Opera LogoThe folks at Opera are celebrating the fifteeth anniversary of their Web browser today. They’ve got some fun celebratory items up, including memories from cofounder and CEO Jon von Tetzchner, a secret origin in comic-strip form, some predictions for the future, and a list of fifteen reasons to use Opera.

The company’s saying that Opera is the oldest browser that’s still extant, and while that’s a defensible interpretation of history, it’s subject to debate. It’s marking its fifteenth birthday not on the anniversary of the first public release of the browser–that didn’t happen until 1996–but on the anniversary of the beginnings of coding on the first version, which was a research project at Norwegian telecommunications company Telenor. If you determined the oldest remaining browser based on general availability, Internet Explorer, which was released in 1995, would predate Opera. And IE was originally based on code from Spyglass Mosaic, the commercial version of NCSA Mosaic, the first graphical browser–but I don’t know if there’s any Mosaic code kicking around in today’s IE 8.

Firefox, meanwhile, is a descendant of Netscape Navigator (which first appeared in late 1994 and was officially discontinued in 2007).

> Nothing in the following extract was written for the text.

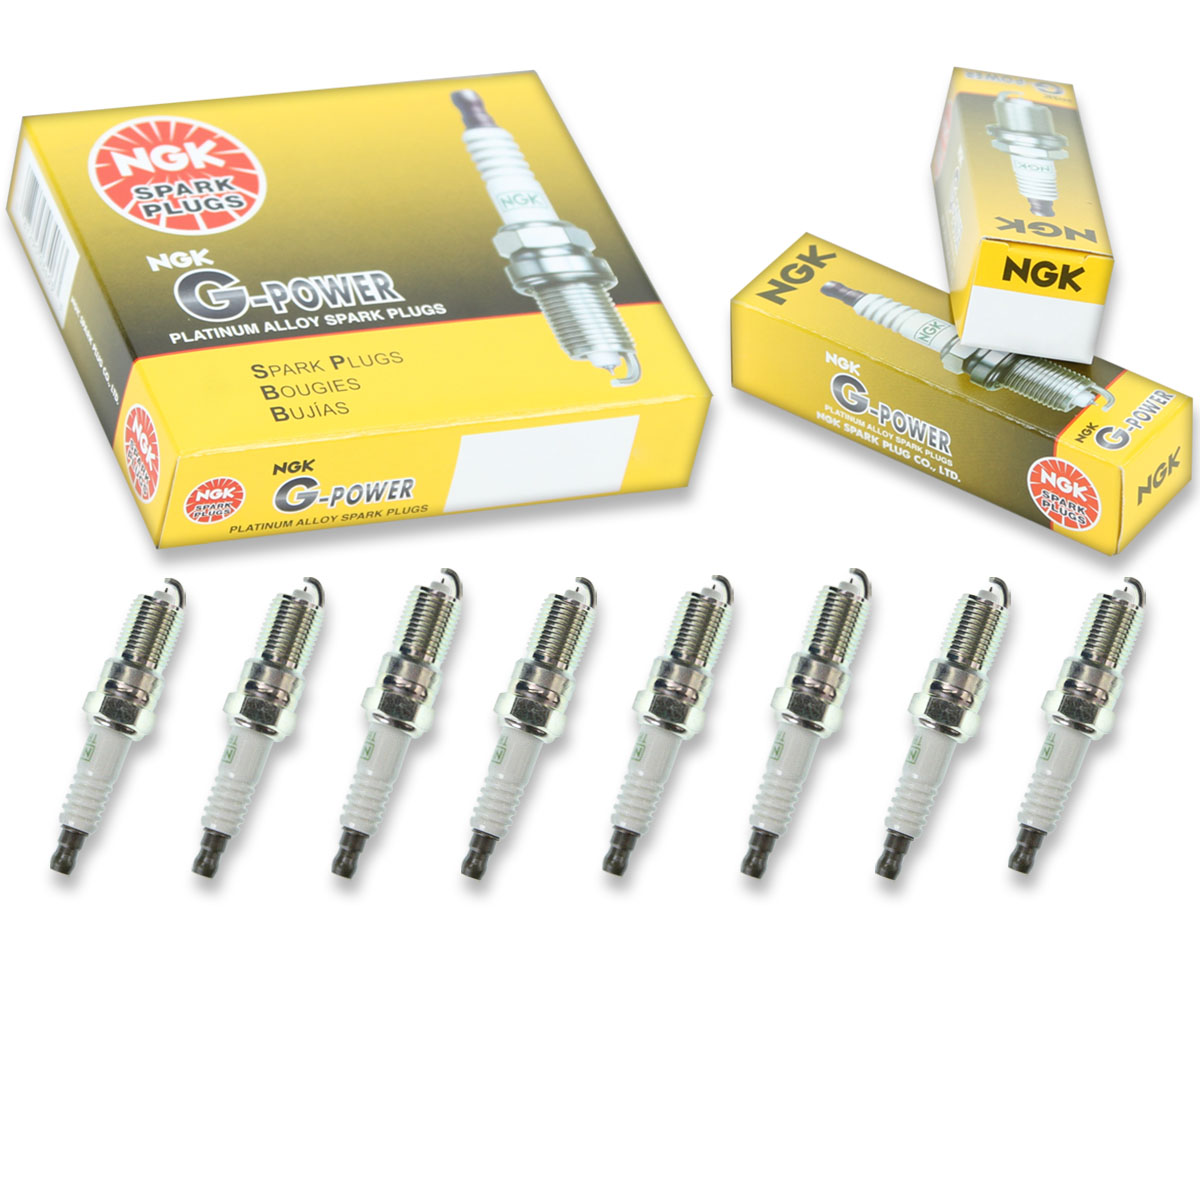 8 pcs NGK V-Power Spark Plugs for 1998-2014 Chevrolet Express 1500 5.7L 5.3L vv

But work on Netscape began in mid-1994–after Opera development was already underway, apparently.

Meanwhile, there’s at least one dark-horse candidate for the title of Oldest Browser Still Standing: Lynx, a text-only browser which I used myself back in the early 1990s. Here’s an OS X version posted at Apple’s site a little over a year ago, and here’s source code from 2007 with a note that a new version is under development.  Lynx supports neither graphics nor JavaScript, and I suspect that most modern sites are simply unusable in it–let’s not even talk about Flash here, folks–but it’s a browser. And if it’s gone to browser heaven, it did so only recently.

Anyhow, Opera is one of a handful of popular Internet apps of the mid-1990s that’s still with us, still evolving, and still doing interesting things–especially on alternative devices such as phones and gaming consoles. Long may it wave…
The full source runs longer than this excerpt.